The application I maintain does something similar that is database OS independent for around 100 users but in a much simpler fashion. Users are authenticated by the application and authorized from the database. Here are the details:
- a table for users including their email and enabled/disabled status
- a table of all AD groups that have a specific prefix to indicate that they are application groups (eg: APP_ADMINS, APP_USERS)
- a table with group/user links
The next part is synchronizing the information. In our organization if new users are added or permissions for existing users are changed IT does the job in the morning. The application typically has a window of low usage overnight (ie: not 24 hours a day/usage).
On the application web server we have a windows service which syncs the groups and users.
On the database at night I run a scheduled job which truncates the group-user links and recreates them by a direct query to Active Directory using DBMS_LDAP.
For your purposes you would want to write a more sophisticated package that has a database package running three LDAP queries to synchronize groups, users and group users instead of my truncate solution.
I found DBMS_LDAP to be powerful but poorly documented. If the IT department should happen to change the OU that users are in you don't get a lot of useful information from the Oracle end.
Tim's site was very useful with this article and here has the code I reused.
Edit: There are two parts to using an application:
- who are you? (authentication) if you do not supply a name and password listed in Active Directory you are not allowed past the log in page.
- what are you allowed to do? (authorization) Here is where the granularity of permissions has a wide range. We have limited ourselves to a basic set of operations on a portion of a unit of work: Read, Update, Assign other users, Unassign other users. Our permissions are not so granular so they can be worded as "User X has select on this table". They can be better said as "User X
can update this portion of the file if they are assigned".
In part this is driven by the application. It creates a pooled connection to the database as required. Users log onto the application but connect to the database as a shared user who has all the permissions required.
To go into a more detailed example:
User X logs in. They have a username and password that matches what is in Active Directory.
After authentication they are taken to the main page. During that time the application queries the database for what permissions this user has and caches them in memory.
The main page loads each sub work area. Each area asks the cached permissions:
- "Do you have authority to see this area?". If so show the work area.

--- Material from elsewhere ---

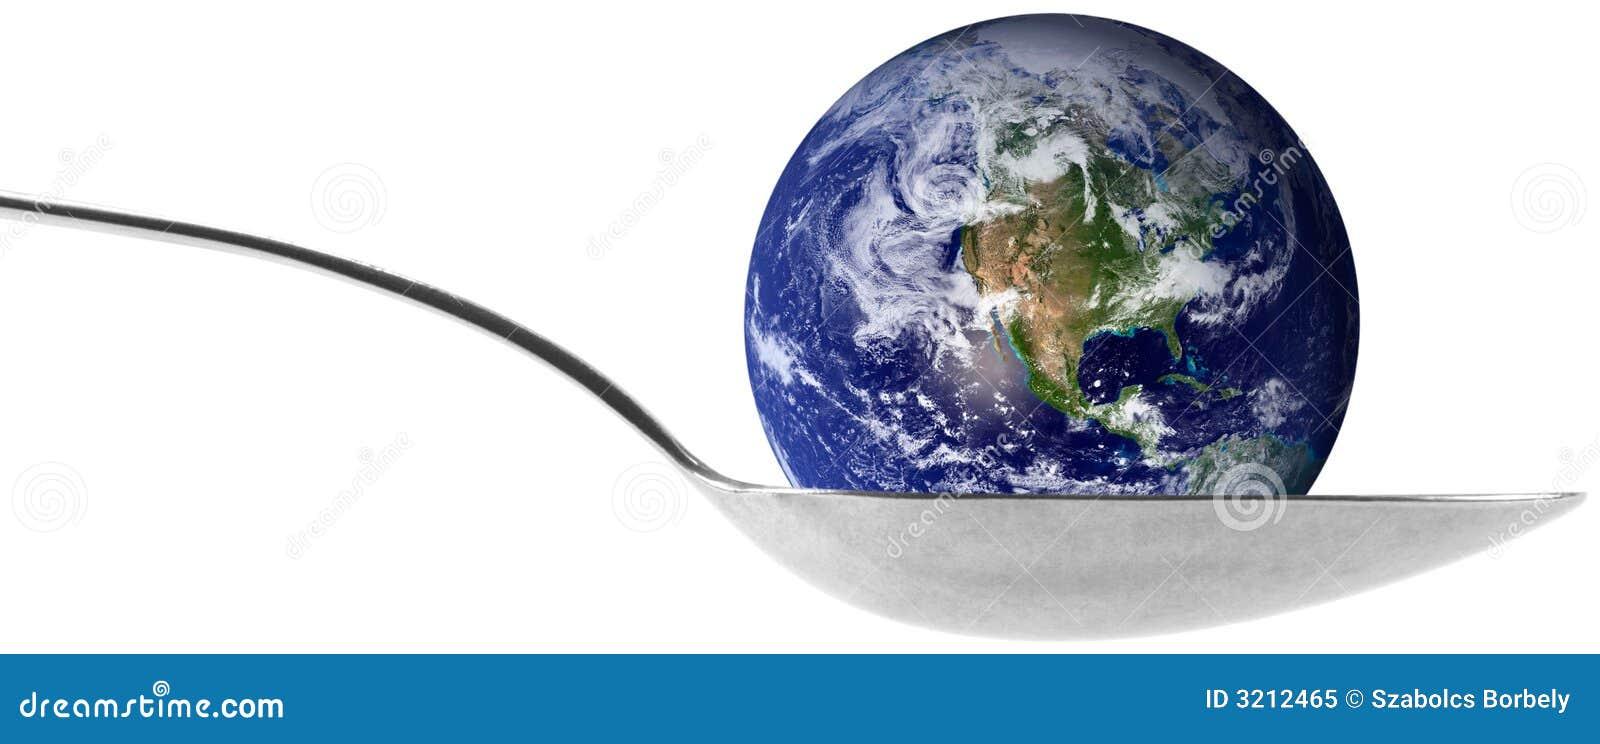 Globo de la tierra en una cuchara

- " Do you have permission to edit this area?" If so show an edit/create link.
Edit2:
The original poster comments that
We are trying to replicate the user permissions onto application to DB
permissions onto database objects.
This sounds like a square peg/round hole problem to me. Your business logic may be defined as User X needs select on this table but if you ask the user they are working with the application. They need to be able to work with whatever the application is displaying. It is common to group tables and views and custom filters to show what the user needs in the application. This is why some applications find it easier to enforce authorization at the application level.
What is it about your application that requires database permissions to be replicated in Active Directory?

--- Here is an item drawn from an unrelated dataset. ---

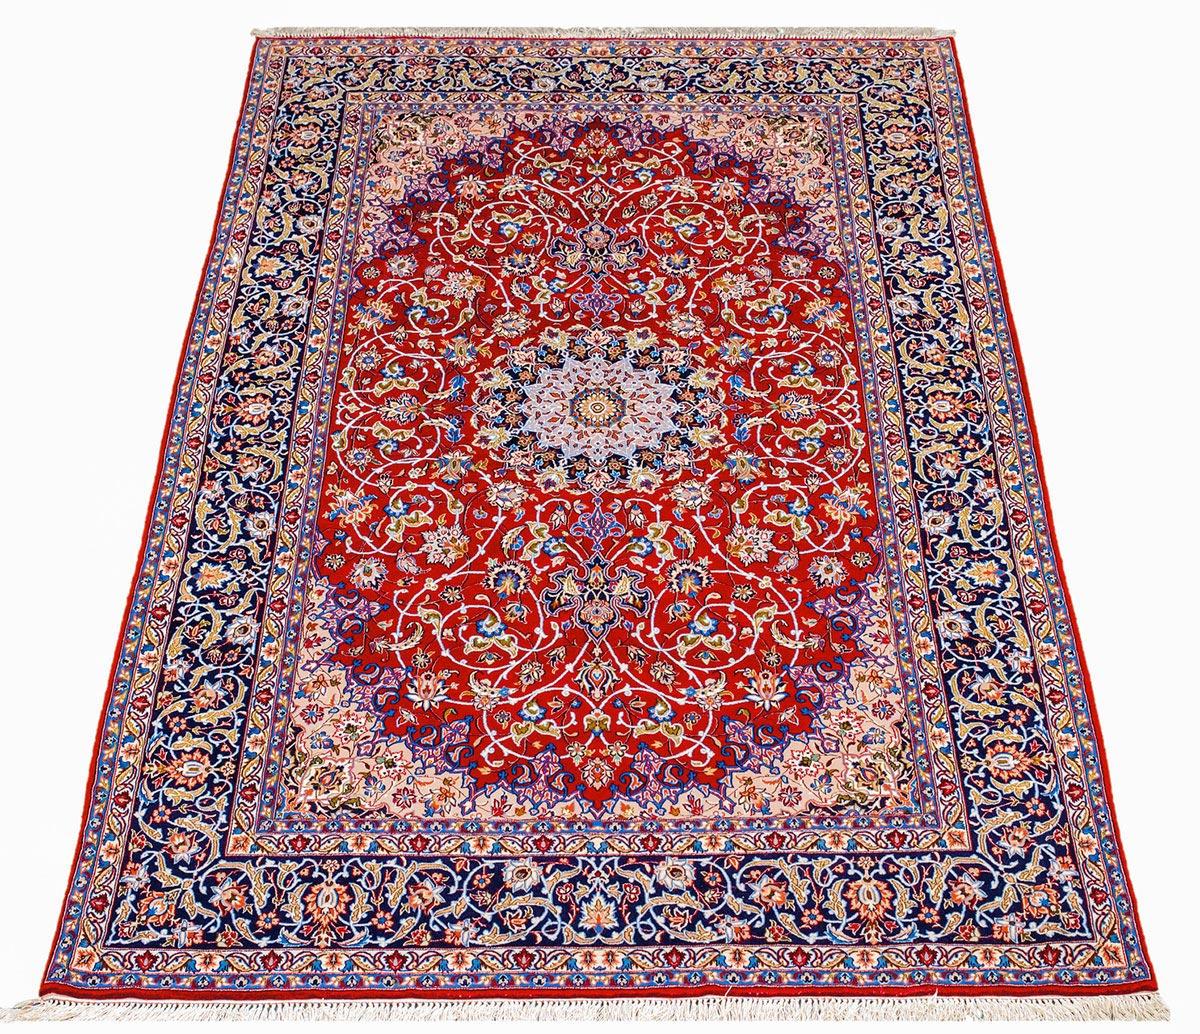 Limpieza de alfombras y tapices en tintoreria y pieles laura - Limpieza de alfombras barcelona ...

Regarding providing DBA access, you might be better-off creating an Active Directory group and adding the DBAs into that group. That way, you can provide group-level permissions and give sysadmin to the group rather than individual users, meaning that when a DBA leaves (or a new one gets hired), you just need to adjust Active Directory rights rather than going into each SQL Server and altering logins. The same applies (though without granting sysadmin!) for other groups of internal users. Windows authentication is more secure than SQL authentication, and if you can use it, you probably should.
Regarding auditing, you can still have individual-level auditing when users are in a group. You can use SUSER_NAME()

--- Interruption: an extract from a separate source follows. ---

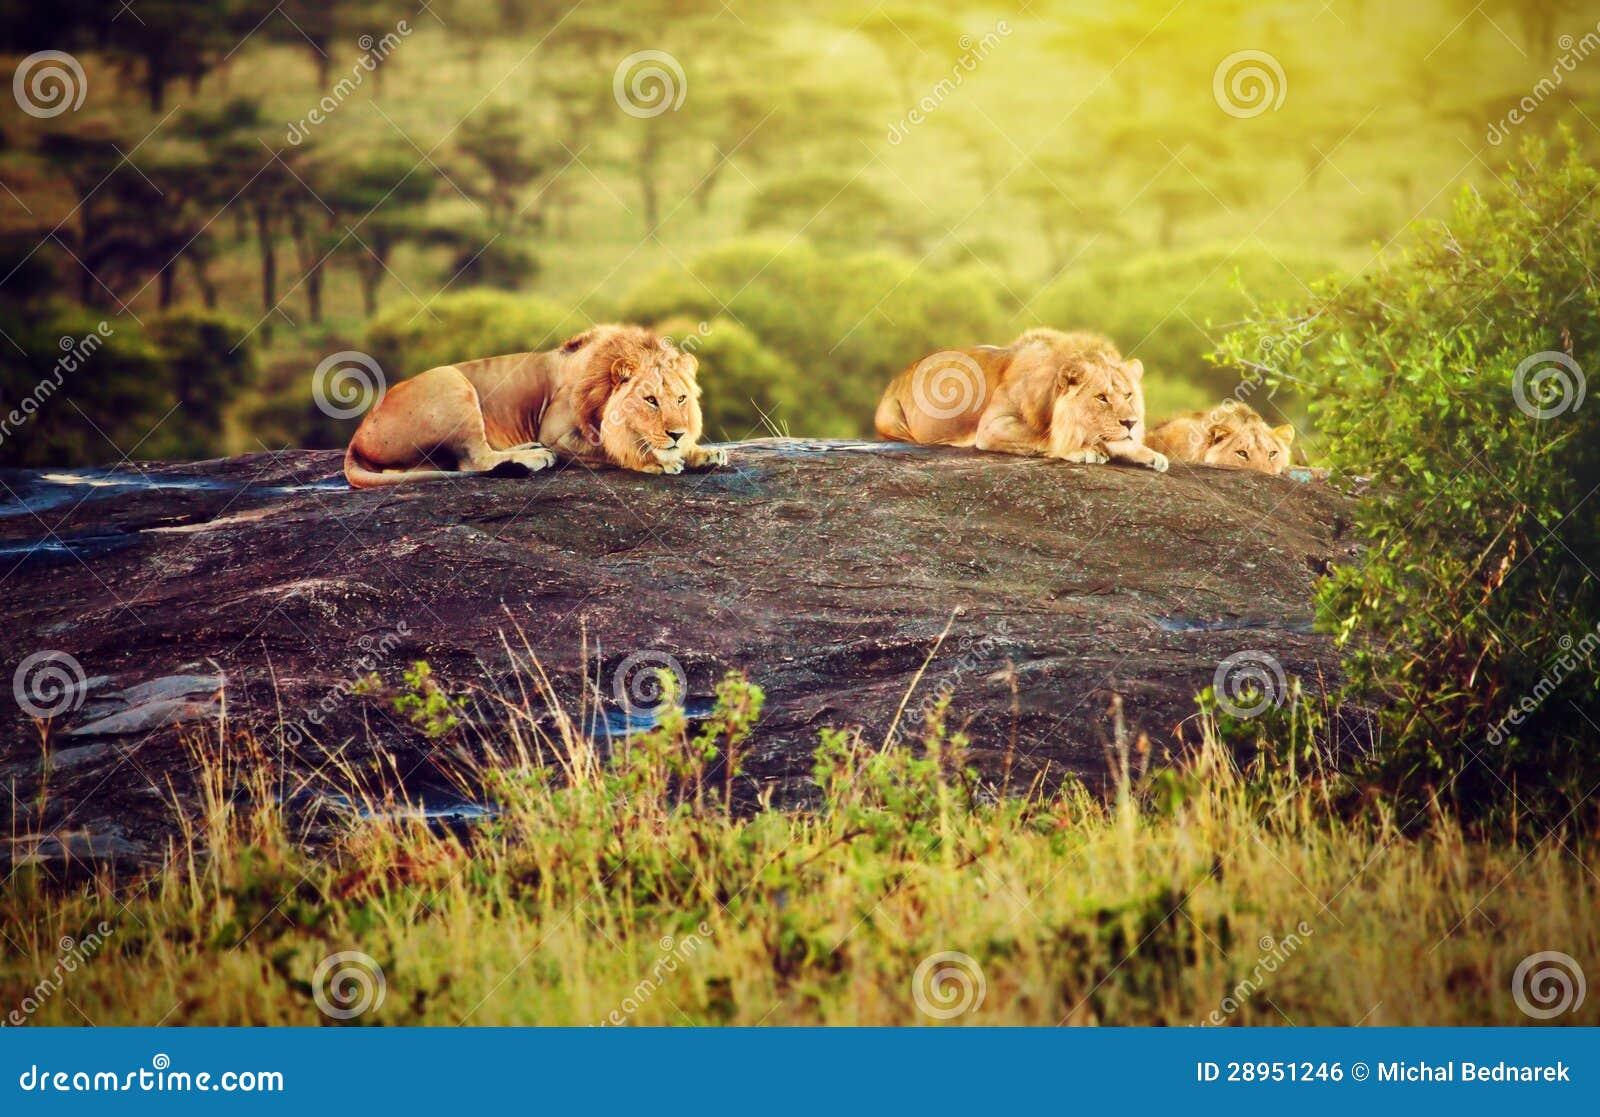 Leones en rocas en sabana en la puesta del sol. Safari en Serengeti, Tanzania, África

to get the username in whatever process you're going to use to log activity. Note that somebody could do an EXECUTE AS
to switch their user context, but you should be able to log that as well as the IP address from which the query came, so you'd still be able to correlate activity to a person.
The idea of using a jumpstation (in your case, you mentioned a server) is possible. It would make administration a bit easier, especially if the laptop domain does not have a full trust relationship with the domain upon which the SQL Server instances are located. It would probably be a bit annoying for the support personnel, honestly, but if you go that route, I'd recommend a virtualized desktop for each IT support team member. That way, they don't have to deal with server contention issues and you can minimize the pain. If you do go down that route, then the IT support team members could have domain accounts and you'd create relevant Windows groups the same way as the DBA group.
Best Answer
No, an Active Directory group cannot be the schema, though I suppose you could name a schema with the same text as your AD group, but that does not get you more auditability.
If individual logins are all members of the AD group, they still appear in the database by default as their login name, not the AD group name. (You can, of course, rename the database users to different names, but I do not see how that would really help you.)
However, using 'multiple users' (i.e one login and user per person) does not mean that they will all create their own schema. You have considerable control over this behavior.
When you create the user's you can assign them to a default schema, such as
dbo
. Likewise, if you need to set that up after the fact you can:In addition, you can create an audit table and use a DDL trigger to track the changes being made to the database by tracing the details you want to know about. You can also filter out nuisance changes, such as disabling and enabling indexes and so forth.